OK, this sucks. In the course of bisecting this, I've hit two other
apparently unrelated bugs that prevent my from testing large numbers
of kernels. Do I have two questions:

1. Anyone have any ideas from looking at the log?

It looks like most of what's left is network code, so cc netdev.

2. The !&$#@ bisection is skipping all over the place. I've seen
2.6.37 versions and all manner of -rc's out of order. Linus, and
other people who like pontificating about git bisection: is there any
way to get the bisection to follow Linus' tree? I think that if
bisect could be persuaded to consider only changes that are reached by
following only the *first* merge parent all the way from the bad
revision to the good revision, then the bisection would build versions
that were at least good enough for Linus to pull and might have fewer
bisection-killing bugs.

(This isn't a new idea [1], and git rev-list --bisect --first-parent
isn't so bad except that it doesn't bisect.)



Here's the log.

$ git bisect log
# bad: [9f381a61f58bb6487c93ce2233bb9992f8ea9211] Merge
git://git.kernel.org/pub/scm/linux/kernel/git/davem/net-2.6
# good: [521cb40b0c44418a4fd36dc633f575813d59a43d] Linux 2.6.38
git bisect start 'HEAD' 'v2.6.38'
# skip: [6899608533410557e6698cb9d4ff6df553916e98] Merge branch
'for-linus' of git://codeaurora.org/quic/kernel/davidb/linux-msm
# ******* This revision didn't build due to PSTORE.
# ******* Fixed config for the rest but no point in retrying...
git bisect skip 6899608533410557e6698cb9d4ff6df553916e98
# bad: [d3e458d78167102cc961237cfceef6fffc80c0b3] Merge branch
'for-linus' of git://git.kernel.org/pub/scm/linux/kernel/git/tiwai/sound-2.6
git bisect bad d3e458d78167102cc961237cfceef6fffc80c0b3
# good: [6445ced8670f37cfc2c5e24a9de9b413dbfc788d] Merge branch
'staging-next' of
git://git.kernel.org/pub/scm/linux/kernel/git/gregkh/staging-2.6
git bisect good 6445ced8670f37cfc2c5e24a9de9b413dbfc788d
# bad: [40c7f2112ce18fa5eb6dc209c50dd0f046790191] Merge branch
'drm-core-next' of
git://git.kernel.org/pub/scm/linux/kernel/git/airlied/drm-2.6
git bisect bad 40c7f2112ce18fa5eb6dc209c50dd0f046790191
# bad: [23b41168fc942a4a041325a04ecc1bd17d031a3e] netdevice: make
initial group visible to userspace
git bisect bad 23b41168fc942a4a041325a04ecc1bd17d031a3e
# bad: [c0c84ef5c130f8871adbdaac2ba824b9195cb6d9] Merge branch
'master' of git://git.kernel.org/pub/scm/linux/kernel/git/linville/wireless-next-2.6
git bisect bad c0c84ef5c130f8871adbdaac2ba824b9195cb6d9
# skip: [3ad97fbcc233a295f2ccc2c6bdeb32323e360a5e] mac80211: remove
unneeded check
# ******* This revision hangs at edd=off
git bisect skip 3ad97fbcc233a295f2ccc2c6bdeb32323e360a5e
# skip: [5bec3e5ade813ee4bdbab03af1bb6f85859272ea] ath9k: fix tx queue
index confusion in debugfs code
# ******* This revision hangs at edd=off
git bisect skip 5bec3e5ade813ee4bdbab03af1bb6f85859272ea
# skip: [c210de8f88215db31cf3529c9763fc3124d6e09d] ath5k: Fix fast
channel switching
# ******* This revision hangs at edd=off
git bisect skip c210de8f88215db31cf3529c9763fc3124d6e09d

# ******* For added fun, 479600777bb588724d044815415f7d708d06644b gets
stuck in systemd initialization.

--Andy


2011-05-12 17:38:49

by Linus Torvalds

[permalink] [raw]
Subject: Re: AAARGH bisection is hard (Re: [2.6.39 regression] X locks up hard right after logging in)

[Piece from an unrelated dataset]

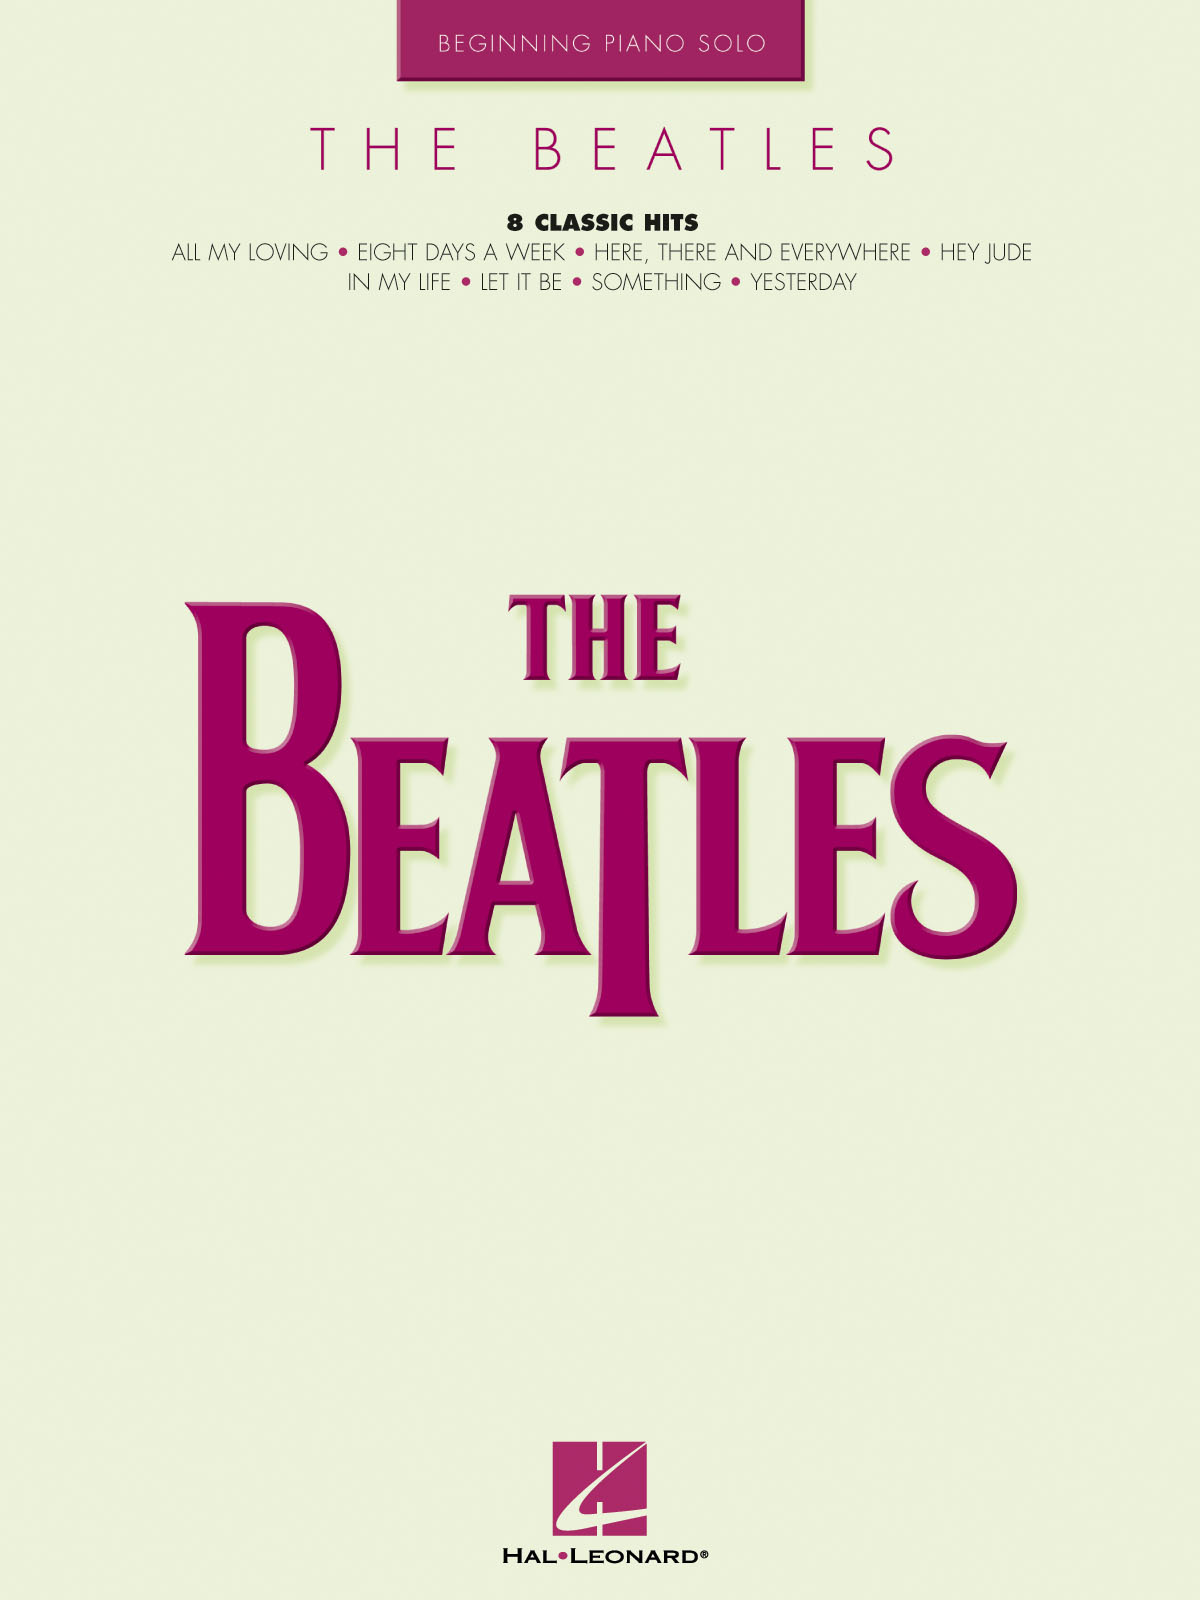 Beatles Beginning Piano Solo Sheet Music Songbook

On Thu, May 12, 2011 at 10:15 AM, Andrew Lutomirski <[email protected]> wrote:
>
> OK, this sucks. ?In the course of bisecting this, I've hit two other
> apparently unrelated bugs that prevent my from testing large numbers
> of kernels. ?Do I have two questions:
>
> 1. Anyone have any ideas from looking at the log?

Nope, that doesn't look very helpful.

> 2. ?The !&$#@ bisection is skipping all over the place. ?I've seen
> 2.6.37 versions and all manner of -rc's out of order.

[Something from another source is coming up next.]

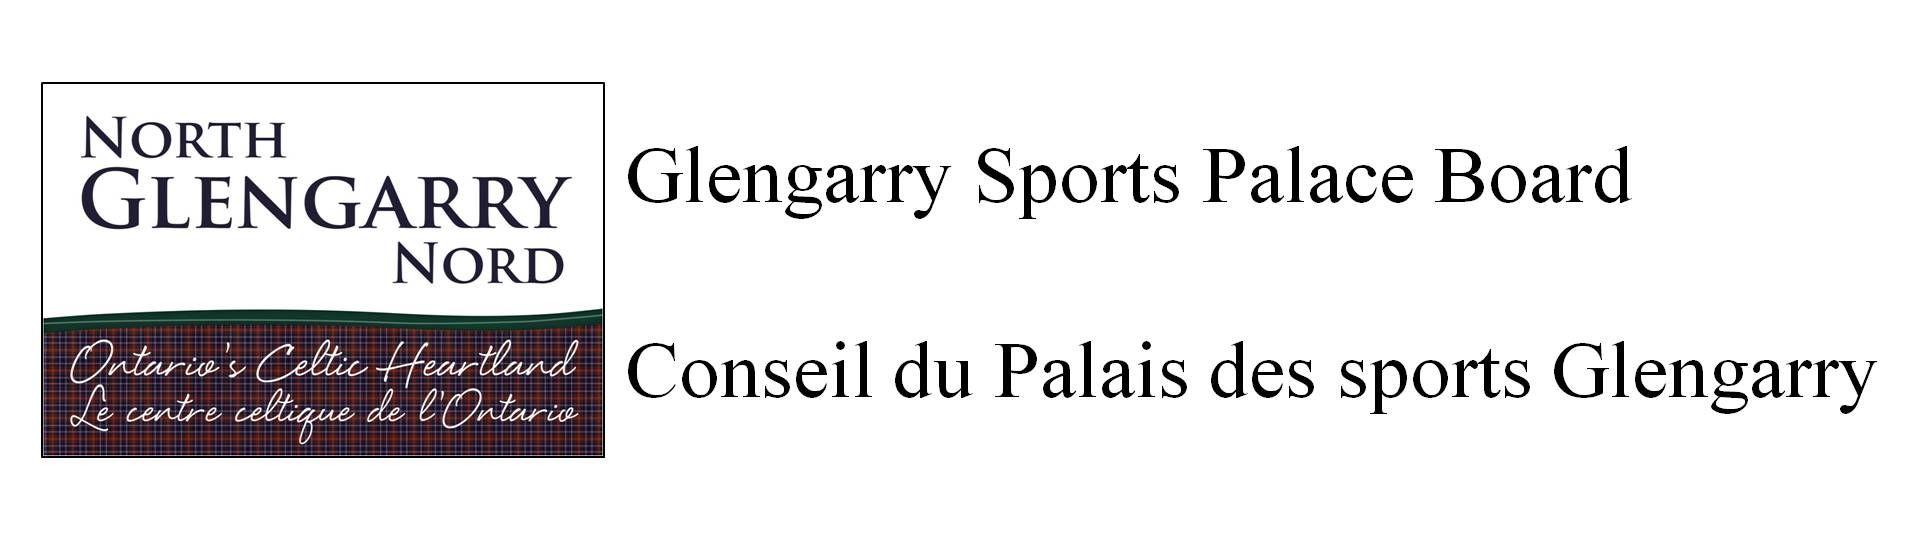 Sports Palace Logo - Glengarry Sports Palace - Township of North Glengarry

That's the _point_ of bisection. It jumps around. You can start off
trying to pick points on my development tree, but I only have a
hundred merges or so. You're going to start delving into the actual
development versions very quickly. And if you don't do it early,
bisection is going to be much much slower, because it's not going to
pick half-way points.

So bisection works so well exactly because it picks points that are
far away from each other, and you should just totally ignore the
version number. It's meaningless. Looking at it just confuses you.
Don't do it.

Now, "pick stable points" would obviously be nice, but that is going
to have to be manual. You can certainly make some helper scripts, and
that's where that "--first-parent" thing comes in. So if you want to,
just use "git bisect reset" to the commit you want to test.

If you think it's networking, for example, and you've bisected into
there but aren't sure, do "gitk --bisect", find the point where I
merge, and pick that (and my parent), and "git bisect reset" those
points. That way you can verify that it's the networking merge (or
verify that it isn't).

Linus

2011-05-12 19:26:44

by Johannes Sixt

[permalink] [raw]
Subject: Re: AAARGH bisection is hard (Re: [2.6.39 regression] X locks up hard right after logging in)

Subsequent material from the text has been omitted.